Content starts

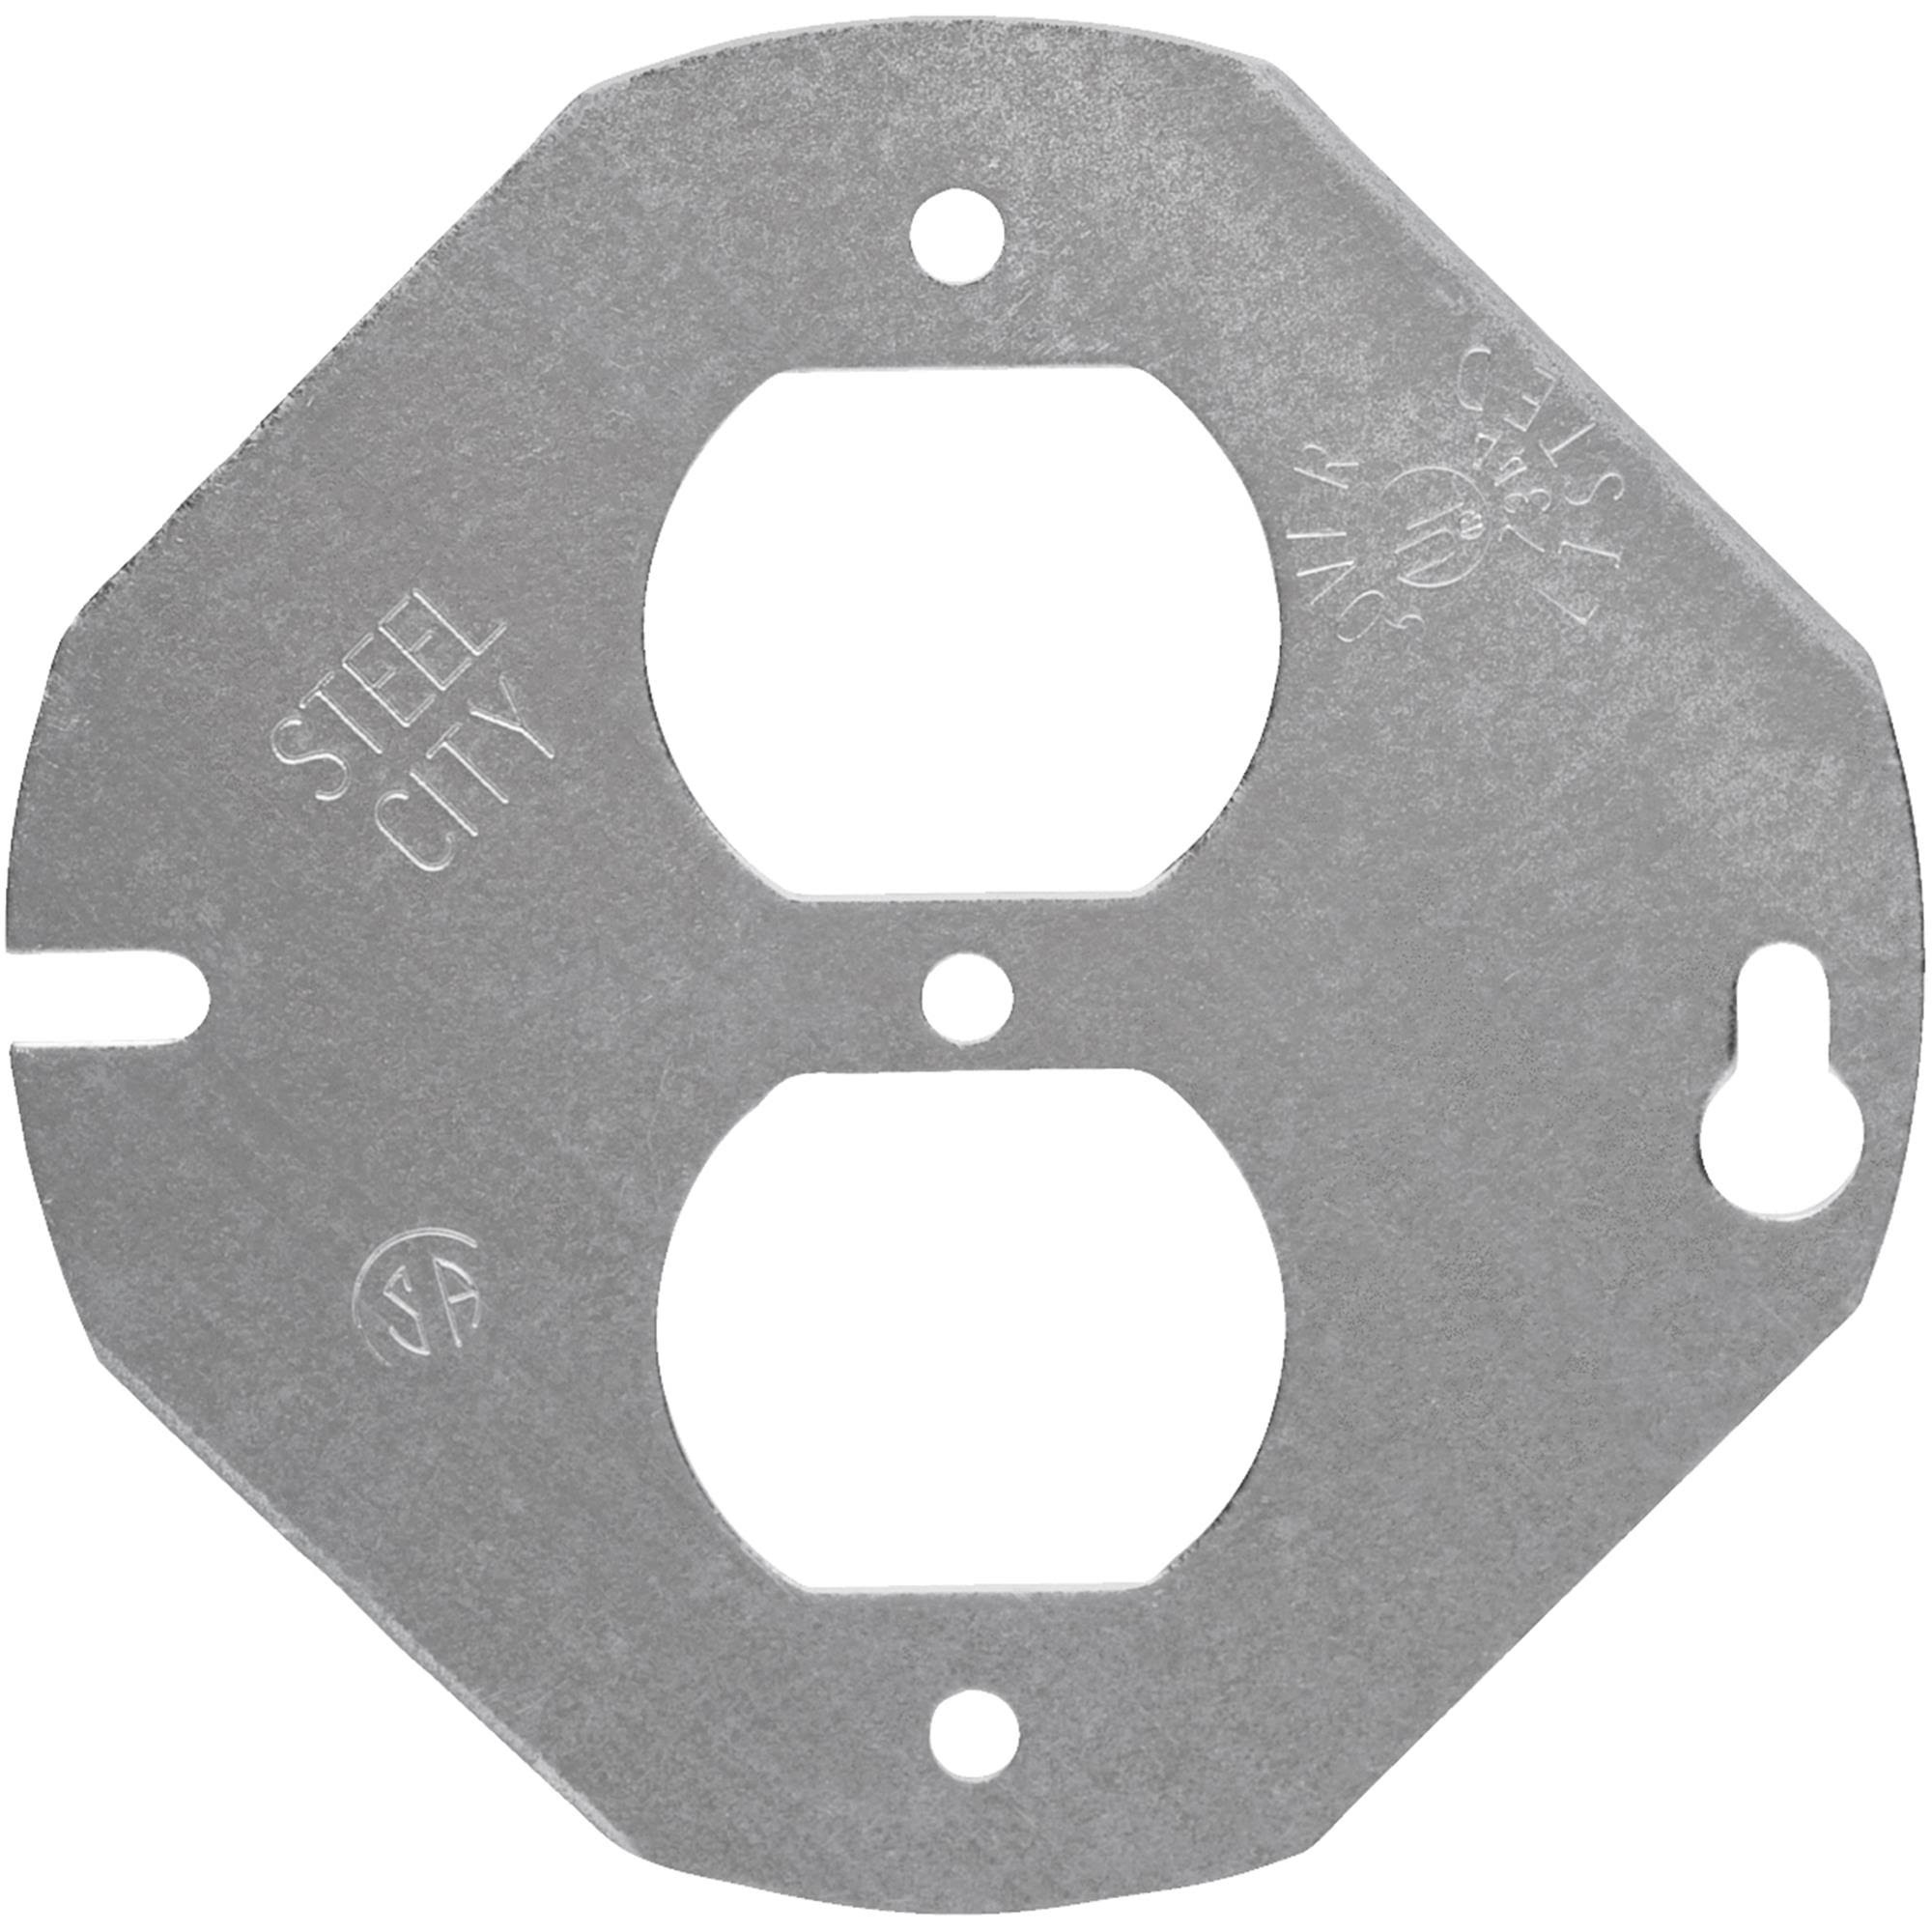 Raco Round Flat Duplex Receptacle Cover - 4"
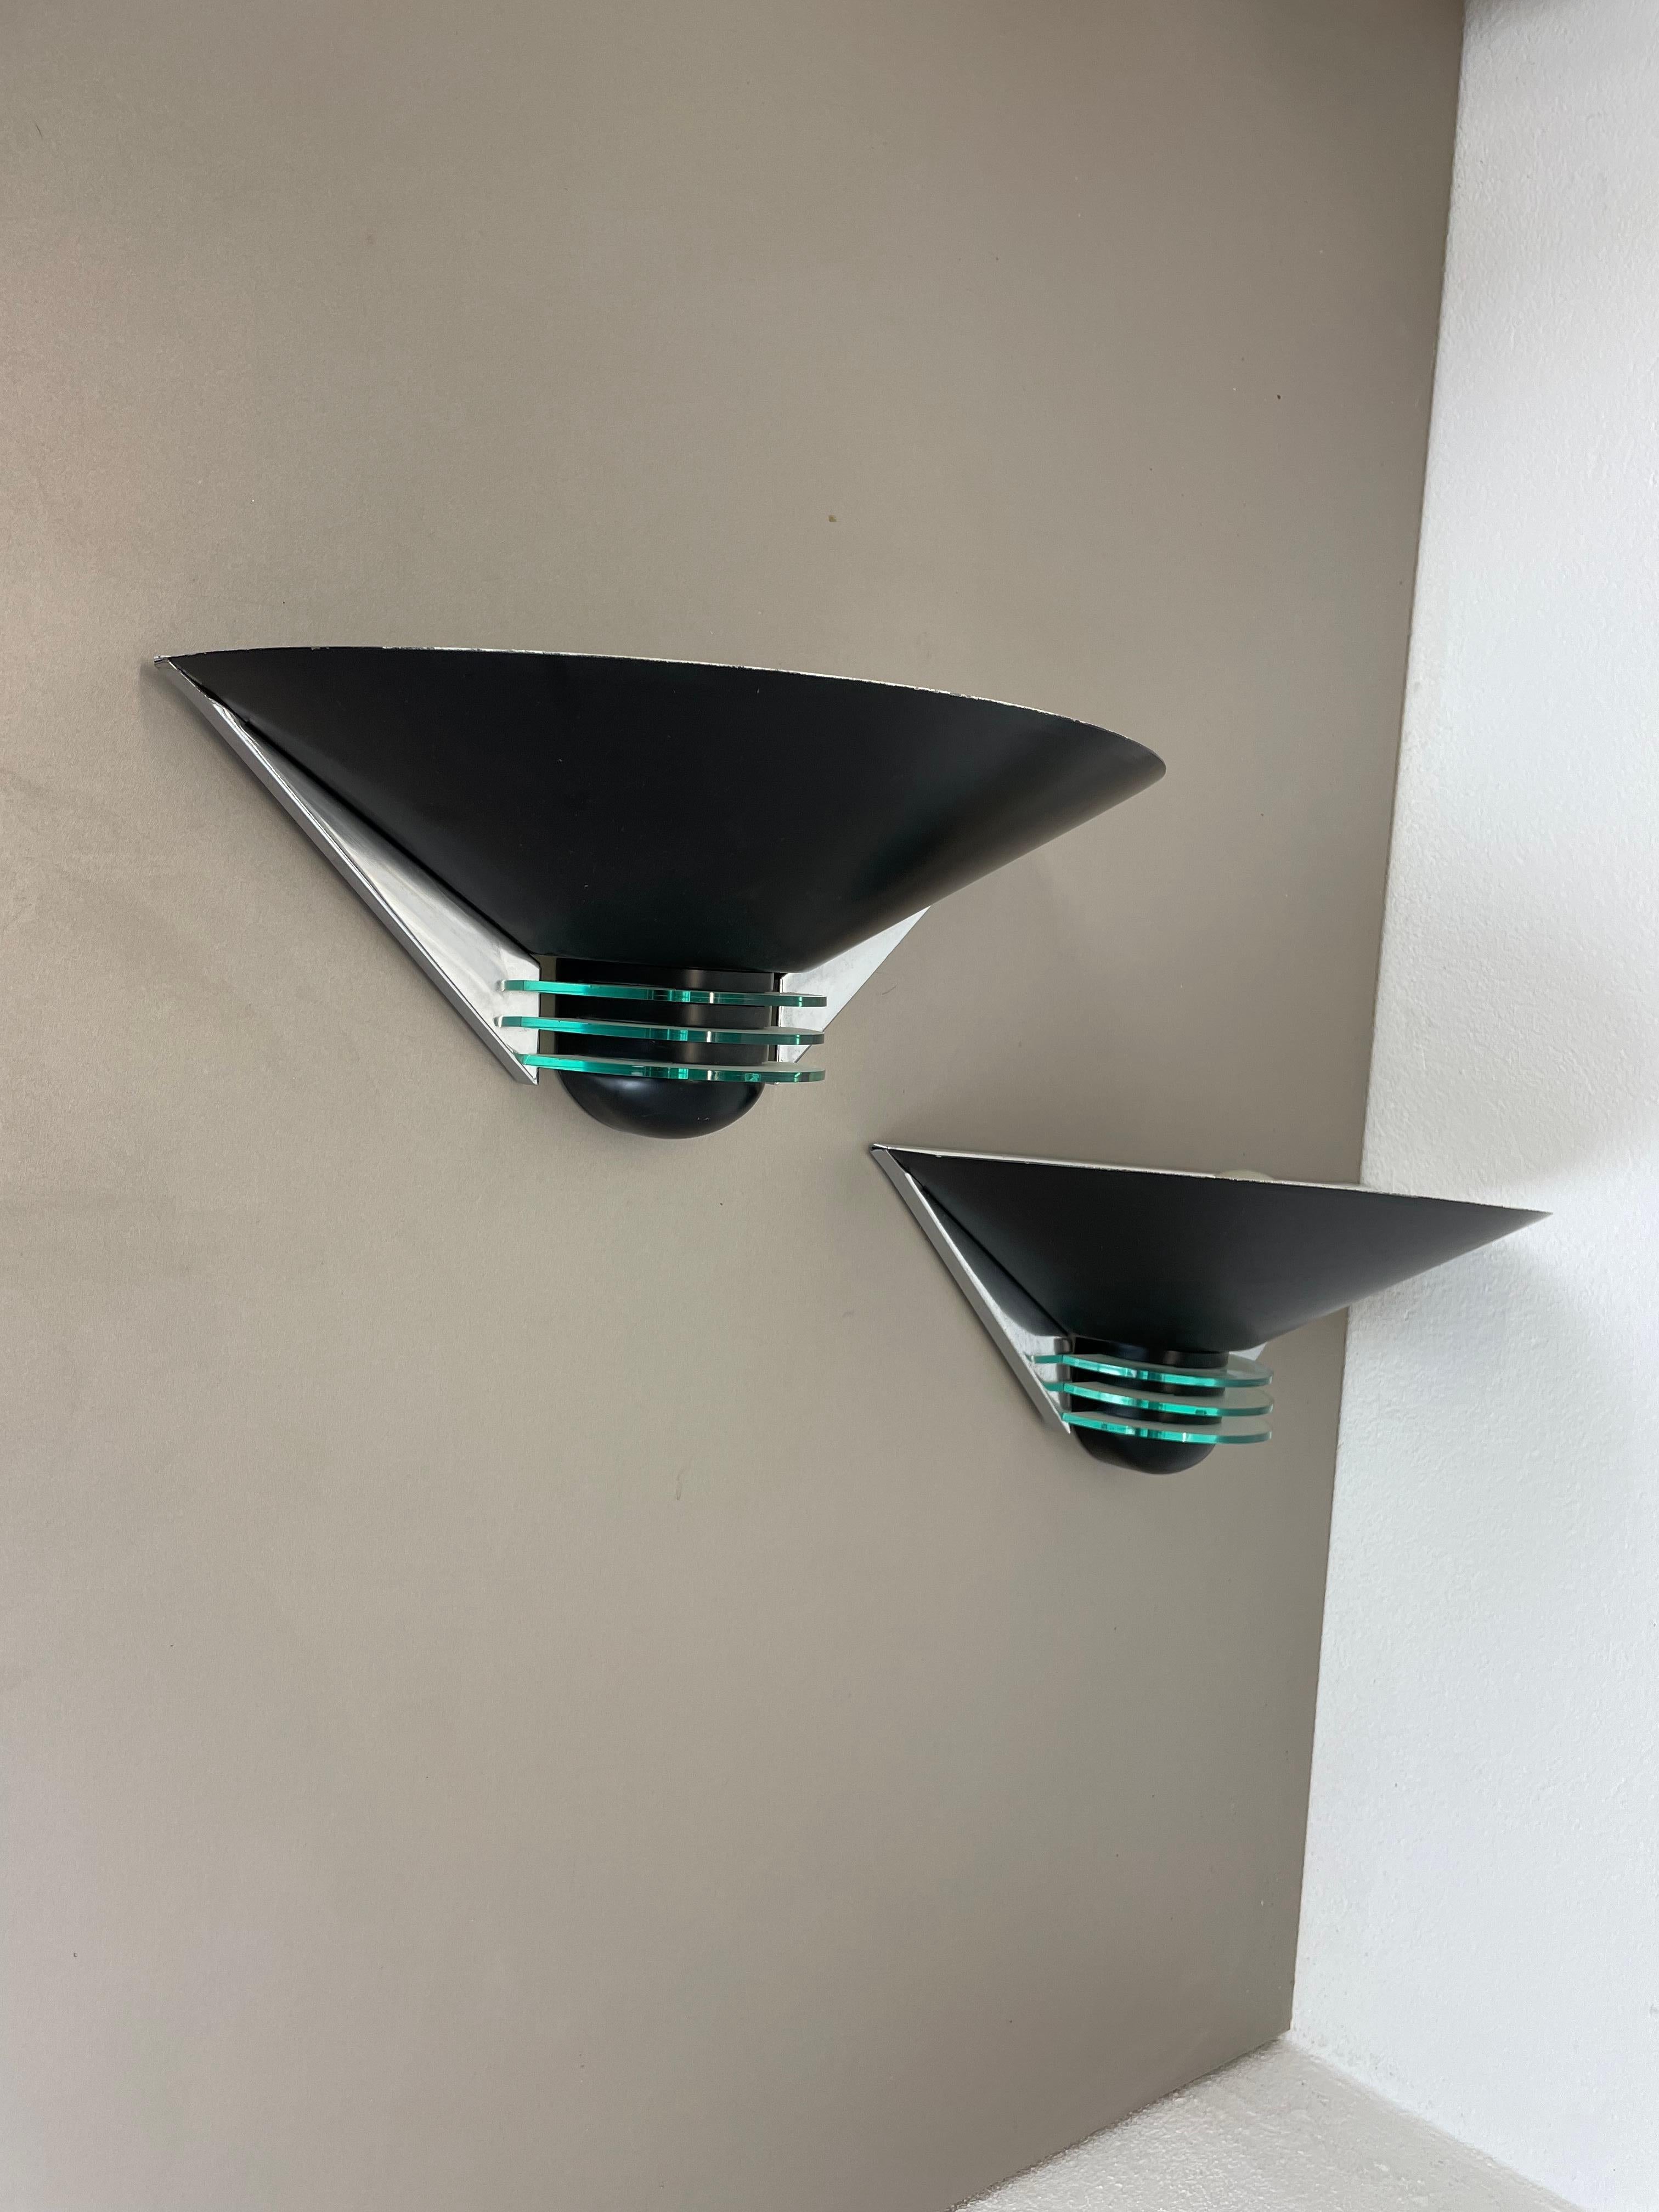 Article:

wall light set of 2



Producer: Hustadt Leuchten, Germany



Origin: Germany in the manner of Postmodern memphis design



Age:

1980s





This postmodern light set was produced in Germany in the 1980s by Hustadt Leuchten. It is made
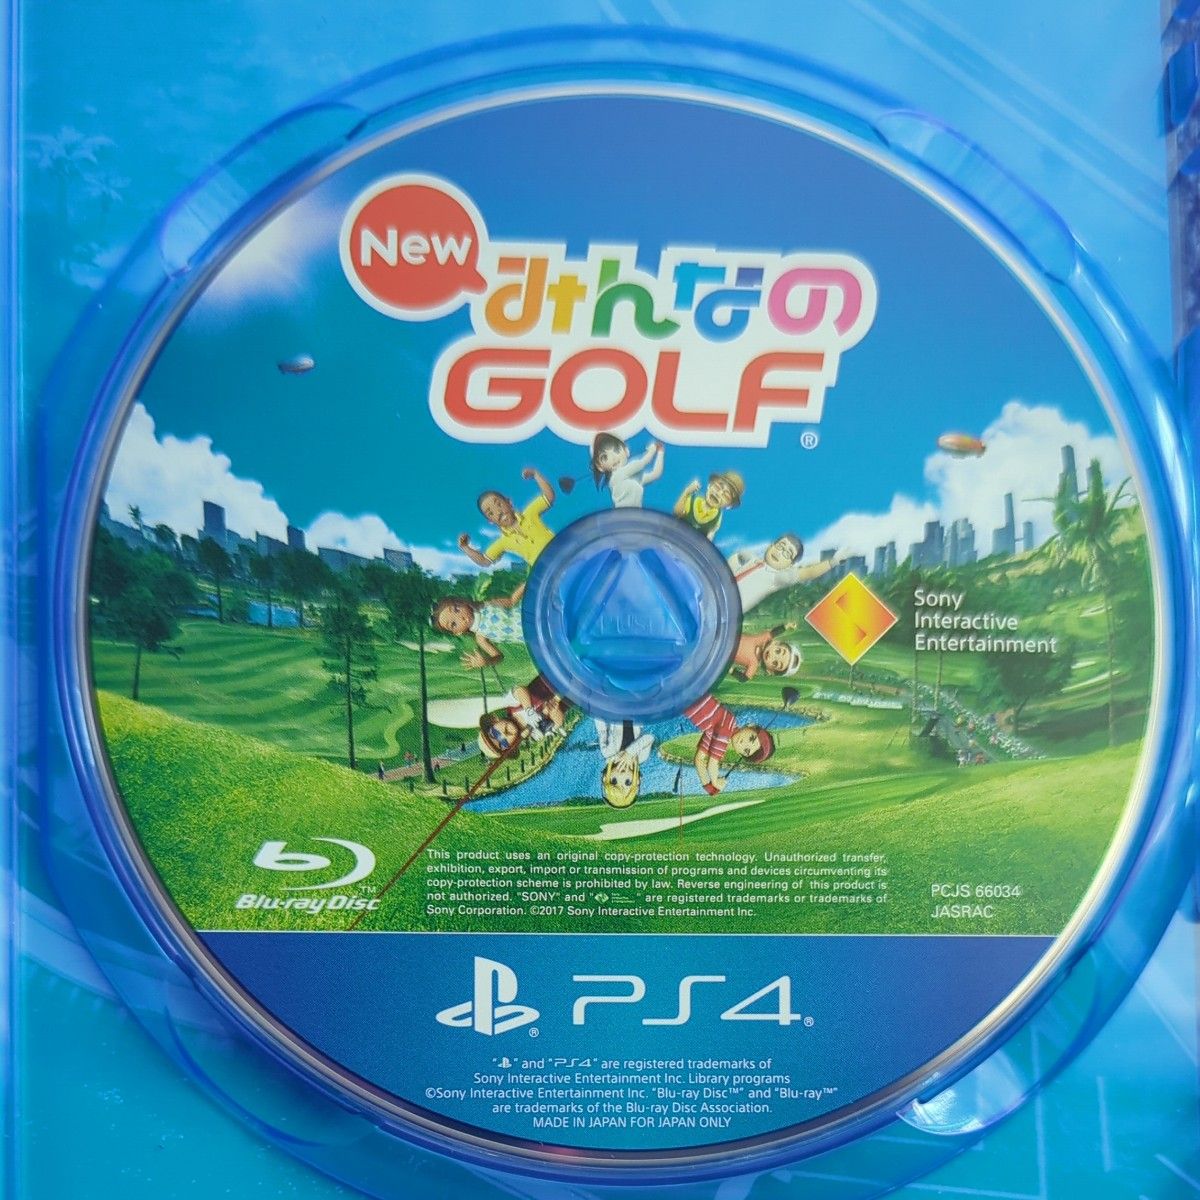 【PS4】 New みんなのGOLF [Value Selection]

Content ends

About this exercise
Wherever the string "Germany" appears in the records above, copy the line it sits in.

Completed task
Producer: Hustadt Leuchten, Germany
Origin: Germany in the manner of Postmodern memphis design
This postmodern light set was produced in Germany in the 1980s by Hustadt Leuchten. It is made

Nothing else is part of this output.